Он присел и расстегнул молнию на джинсах Нины. Джинсы опустились до колен, и Нина с ужасом оглянулась. Из темноты на нее смотрели несколько пар блестящих глаз. Она разглядела небритые грязные физиономии, подбитые глаза и расквашенные губы, засаленные волосы — и что было сил стиснула бедра и прижалась животом к ледяной решетке.
Прокудин похлопал ее по щеке и ухмыльнулся:
— Не скучай тут.
Один из бомжей уже приближался к ней, почесывая живот. Он был огромный, бородатый и плешивый. Остальные бомжи хихикали, глядя, как Нина беспомощно оглядывается и пытается подтянуть джинсы. И вдруг один из них, сидевший в самом темном углу, поднялся и вышел на середину камеры. Его голос прозвучал спокойно, но требовательно:
— Отойди от человека, гнус немытый.
Бородач развернулся и двинулся на него, сжимая кулаки. Но его противник, на голову ниже ростом, не испугался, не отступил. Наоборот, он шагнул к бородатому и сделал неуловимо быстрое движение рукой, в которой что-то сверкнуло. Бородач остановился и с изумлением уставился на свой живот, который вдруг обнажился из-под разрезанной поперек рубахи.

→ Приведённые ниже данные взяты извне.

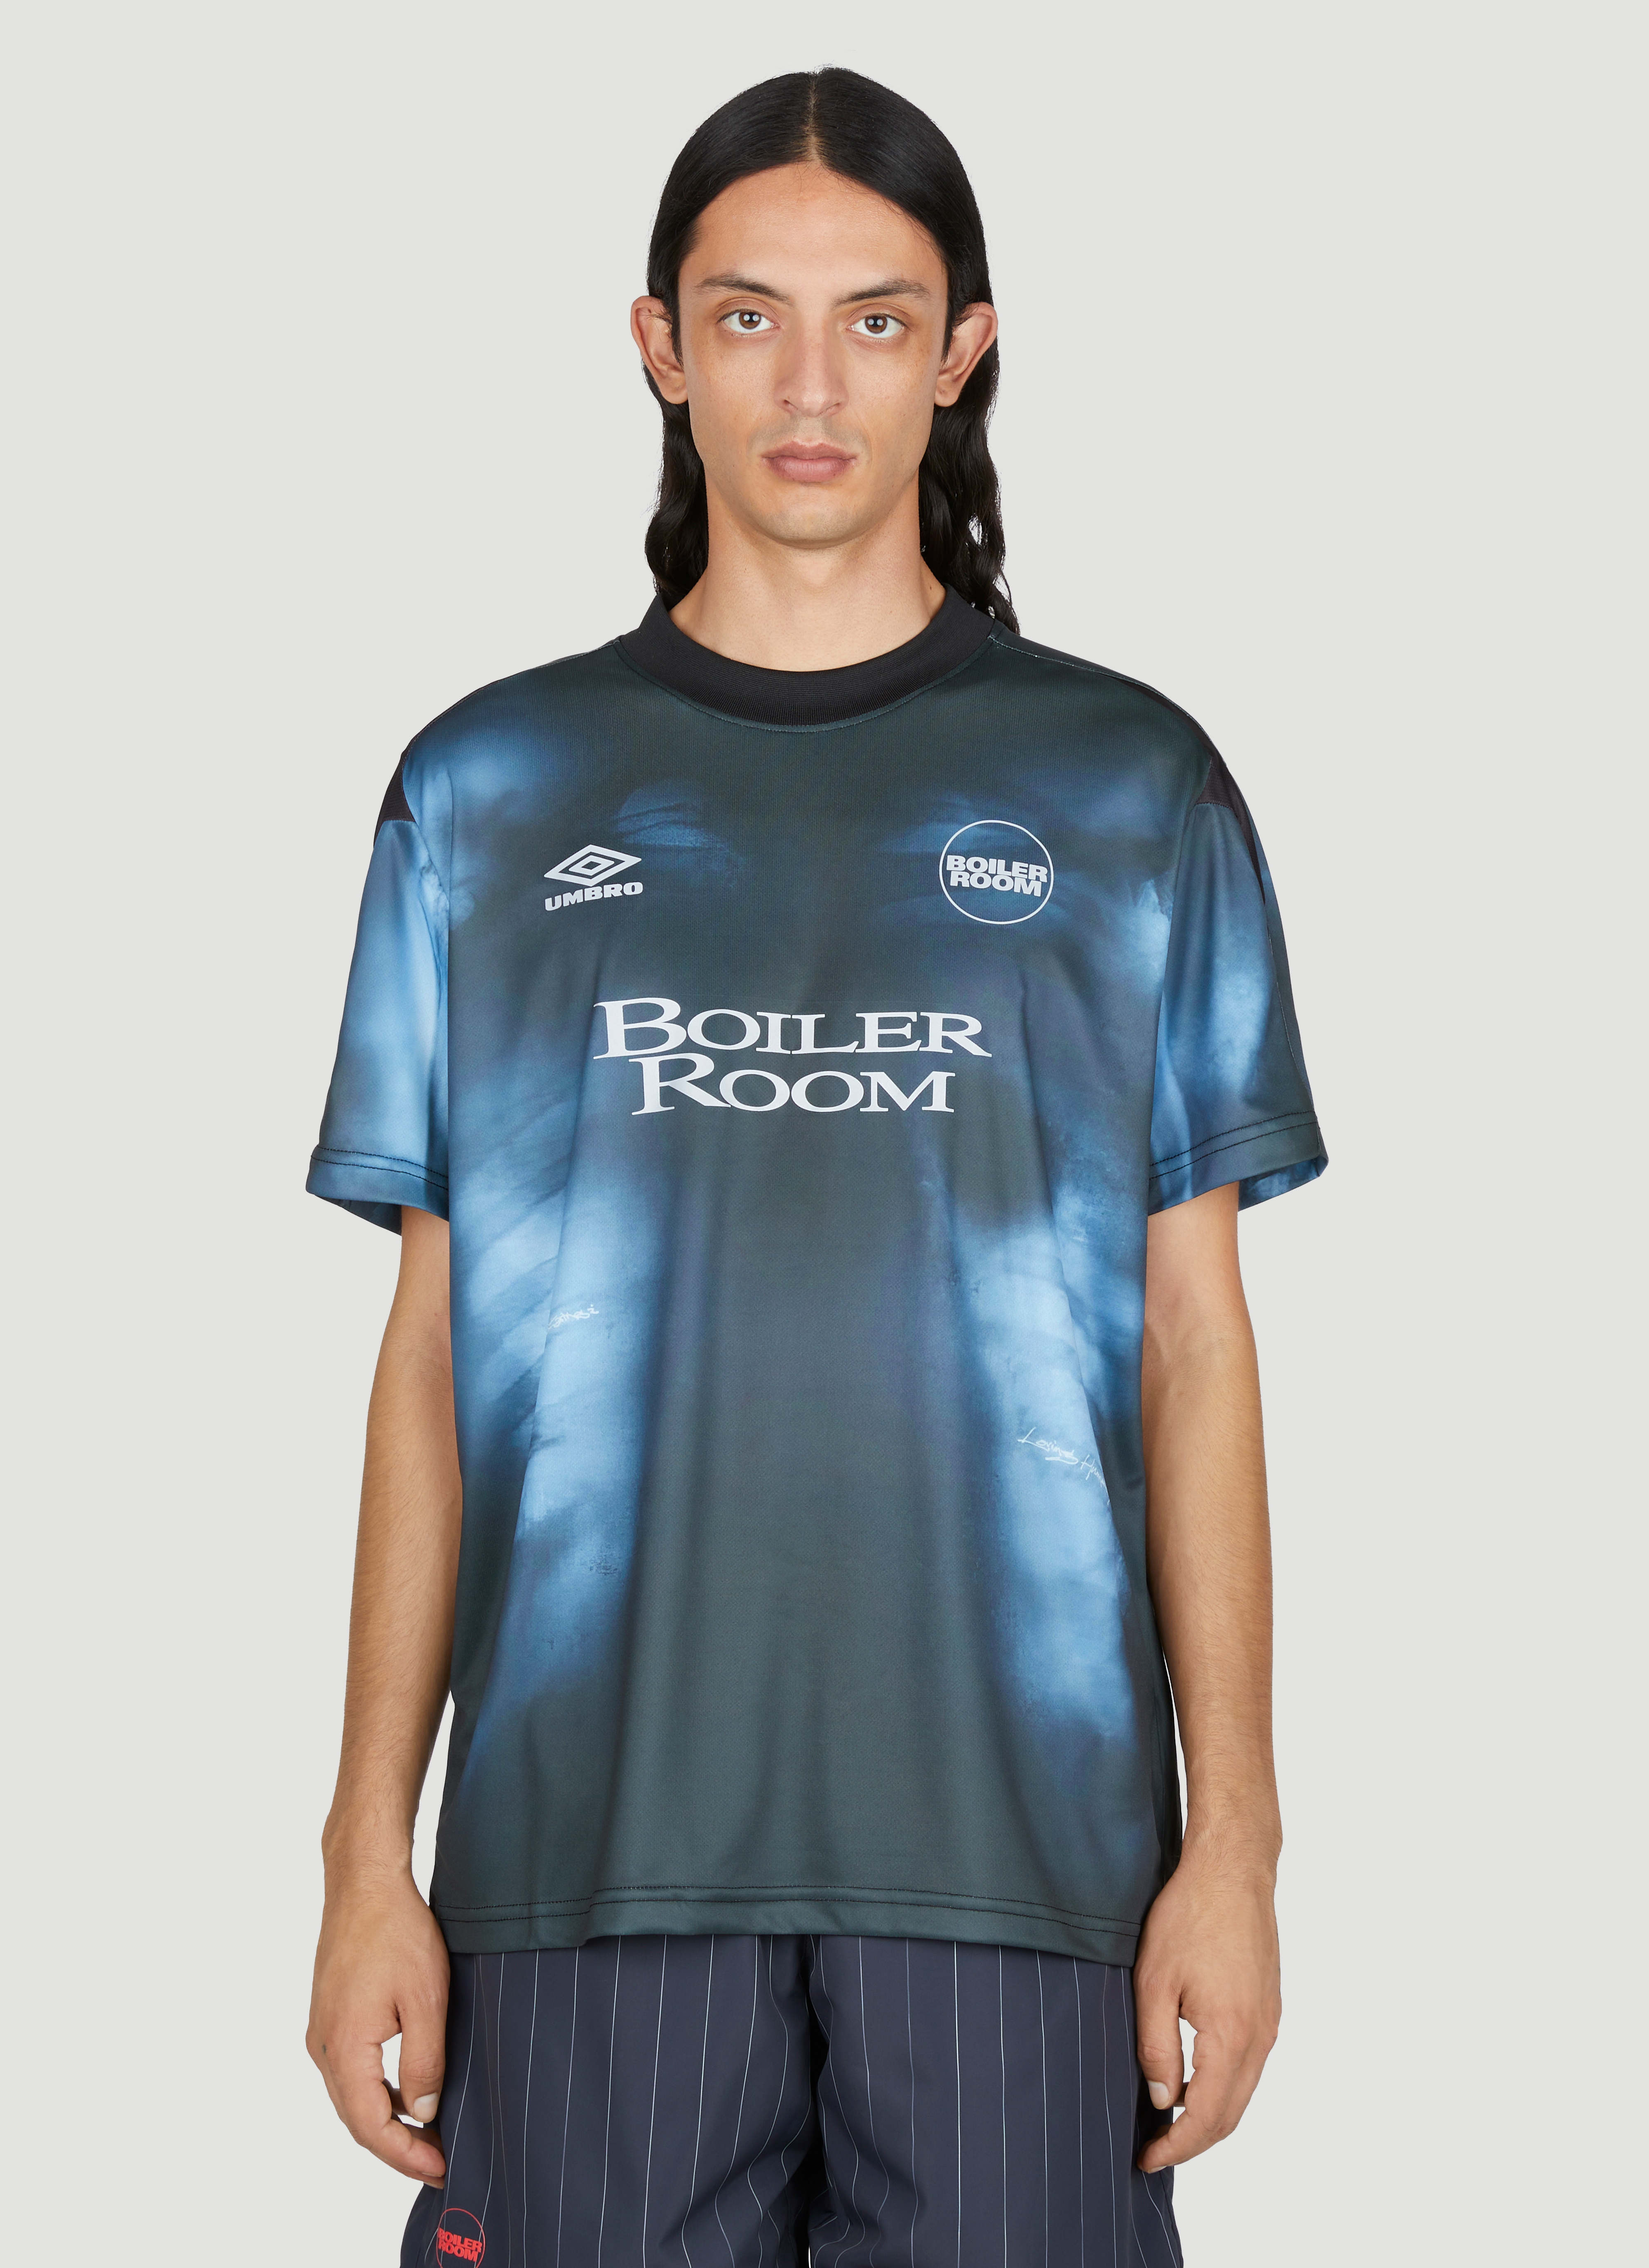 Boiler Room x Umbro Graphic Print Football T-Shirt in Black | LN-CC®

— Толян, ты чего, в натуре? — обиженно промычал бородач, прикладывая отвисающий лоскут на место. — Первым хочешь, так и сказал бы. А то сразу бритвой махать.

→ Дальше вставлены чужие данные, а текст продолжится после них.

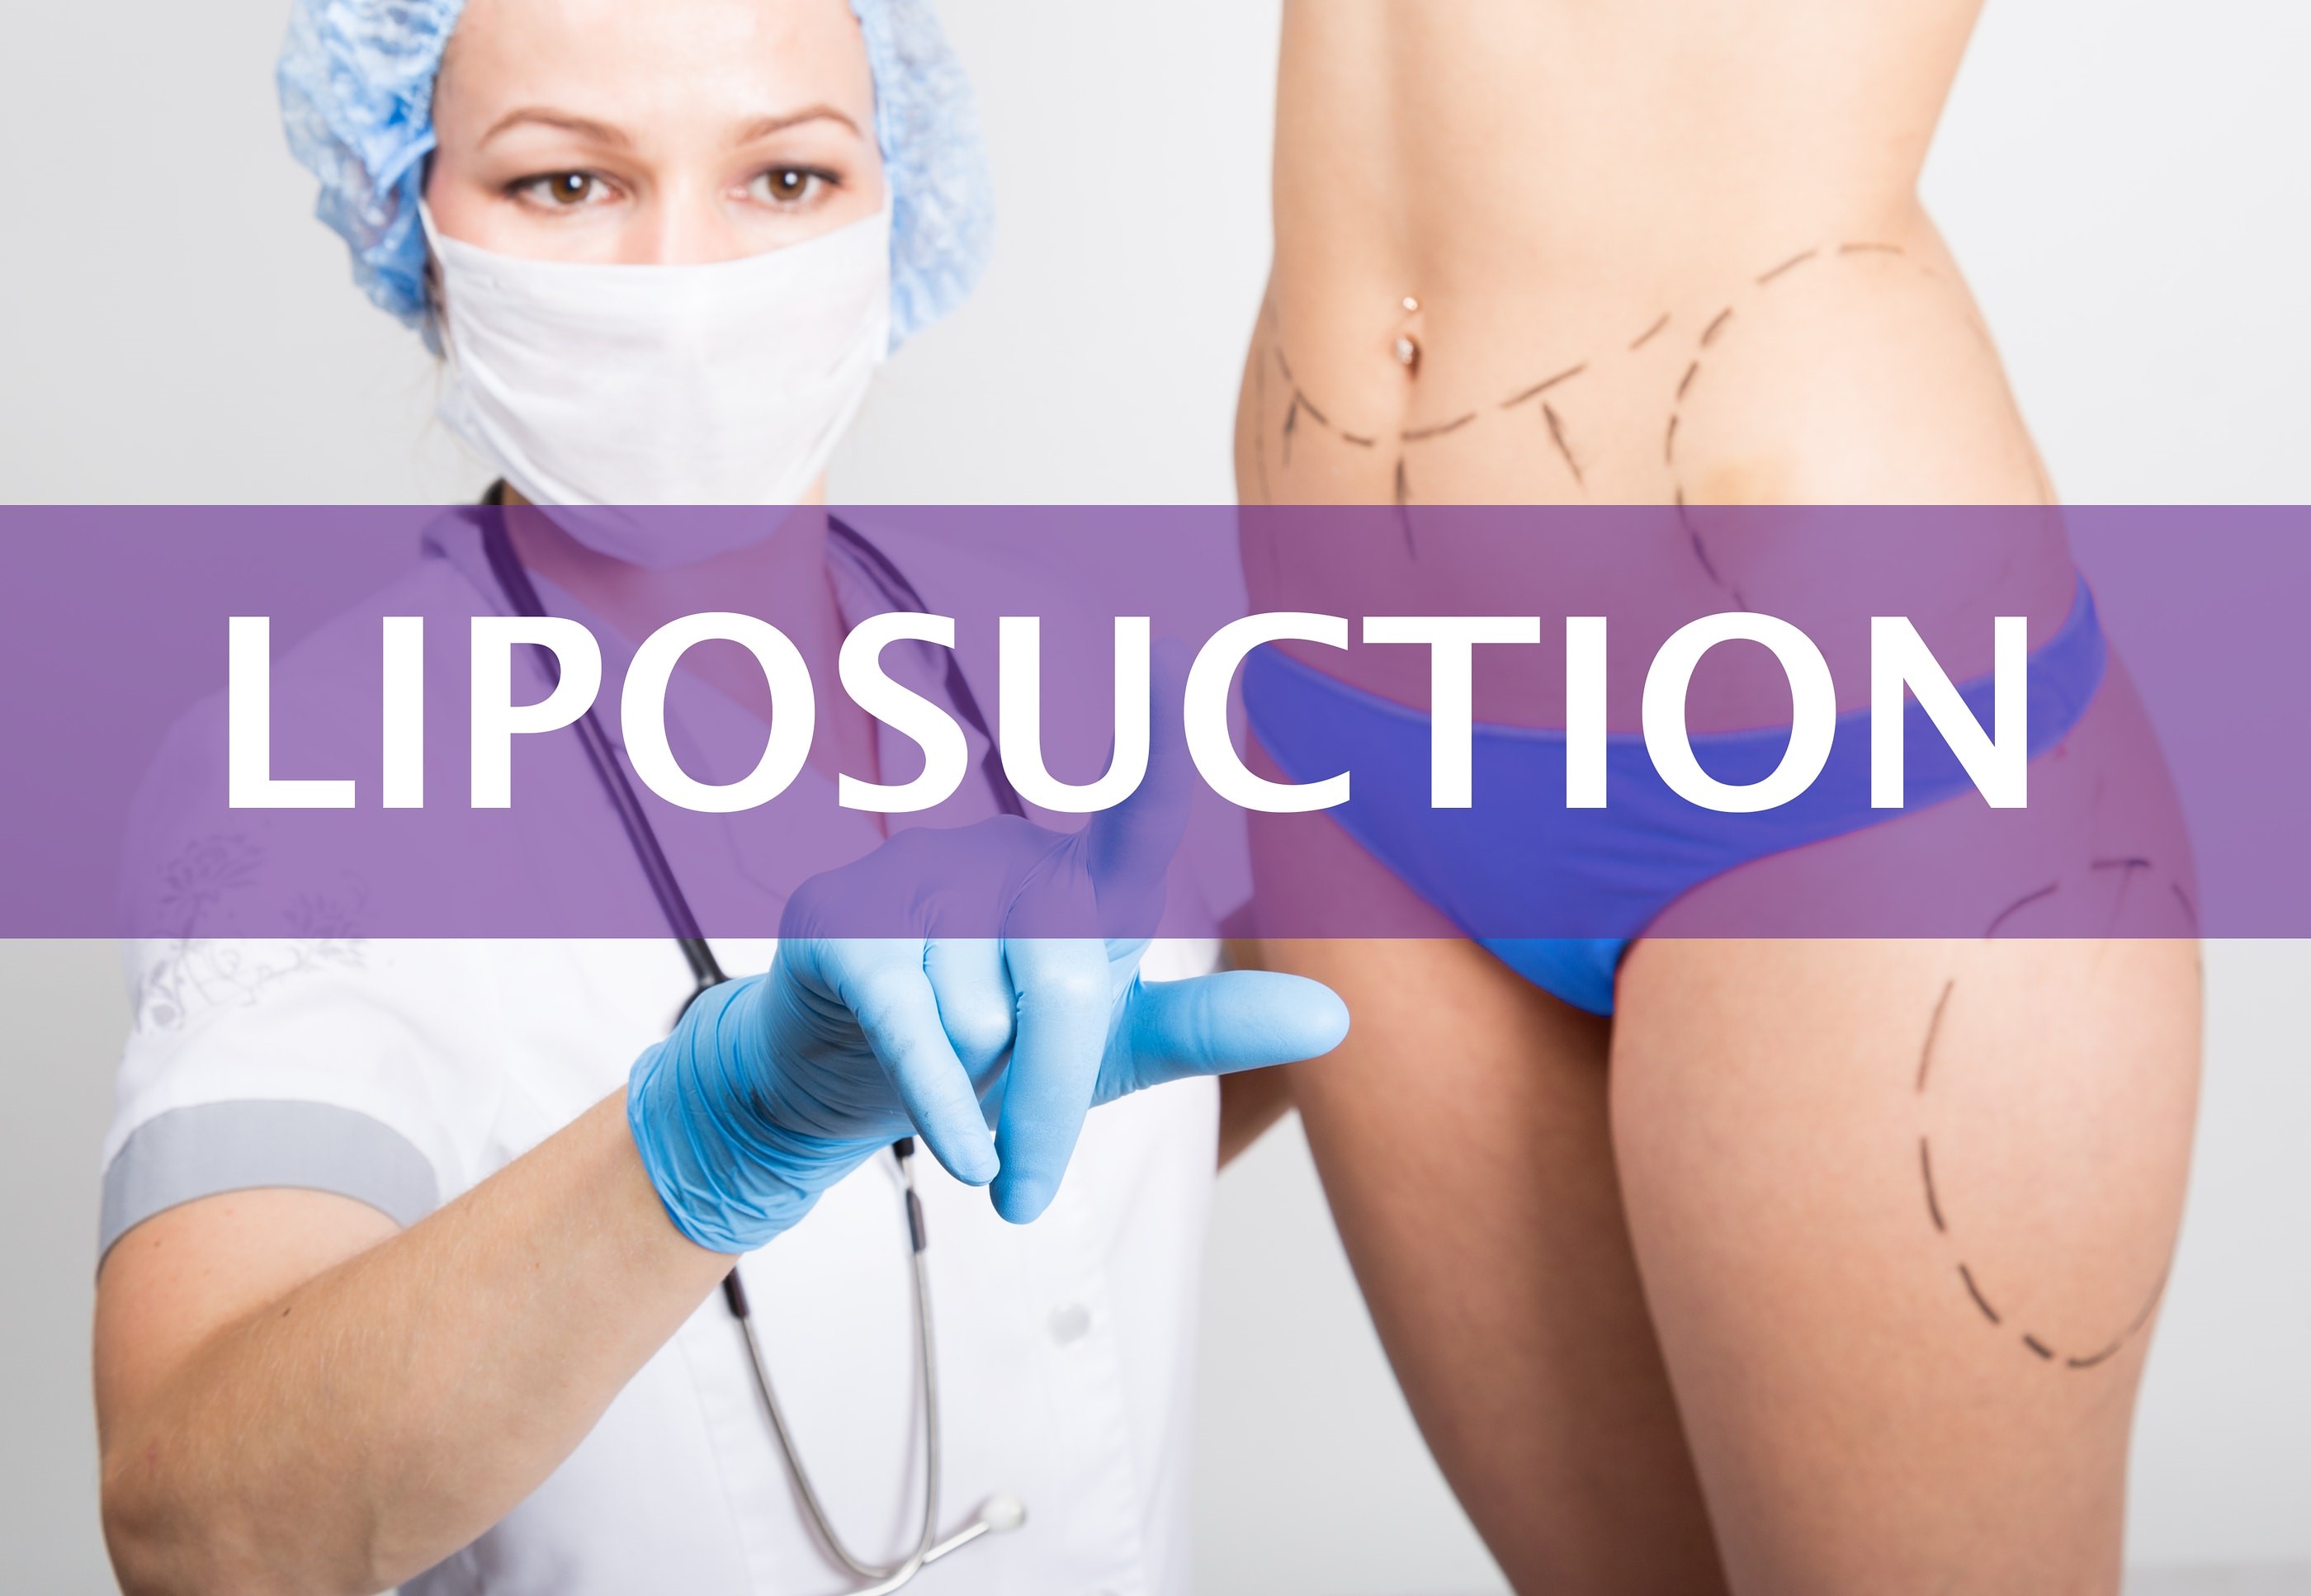 Dr. Trussler Liposuction

Недовольно бурча, он уселся обратно на широкую скамейку, распихав своих соседей. А бомж, которого он назвал Толяном, обратился к присутствующим с короткой речью:
— Милостивые государи. Отодвиньтесь на хрен в самый дальний угол, по причине вашей невыносимой вонючести и вшивости. А кто прыгнет на девушку, я того попишу.
Он скрестил руки на груди и обвел публику надменным взглядом. Бомжи, ворча, сдвинулись плотнее и забились в угол, освободив на скамейке место. Толян закашлялся, вытер губы рукавом и повернулся к Нине. Он, не прикасаясь к ней, ловко подтянул джинсы и застегнул молнию.
— Садись, Снегурочка с третьего этажа.
Нина села на уголок скамейки, неловко вывернув руки, прикованные к решетке.
— Тебя за что, Снегурочка?
— Долго говорить.
— А сидеть долго?
— Все равно…
— Ну, что за мотивы безысходности! Вот я, со всей своей эрудицией и тонким художественным вкусом, сижу на нарах, как мелкий хулиган. Но я и есть мелкий хулиган. А ты — птица высокого полета. Ты в этой клетке не задержишься.
Он осторожно погладил ее по руке, и Нина вдруг разрыдалась. Она стонала и вздрагивала всем телом, но слезы не текли из ее глаз, и от этого ей становилось все хуже и хуже. Пережитый страх, боль в груди, мерзкие лапы сержанта… Она чувствовала, что ее страдания только начинаются. «За что, за что?» — с отчаянием повторяла она.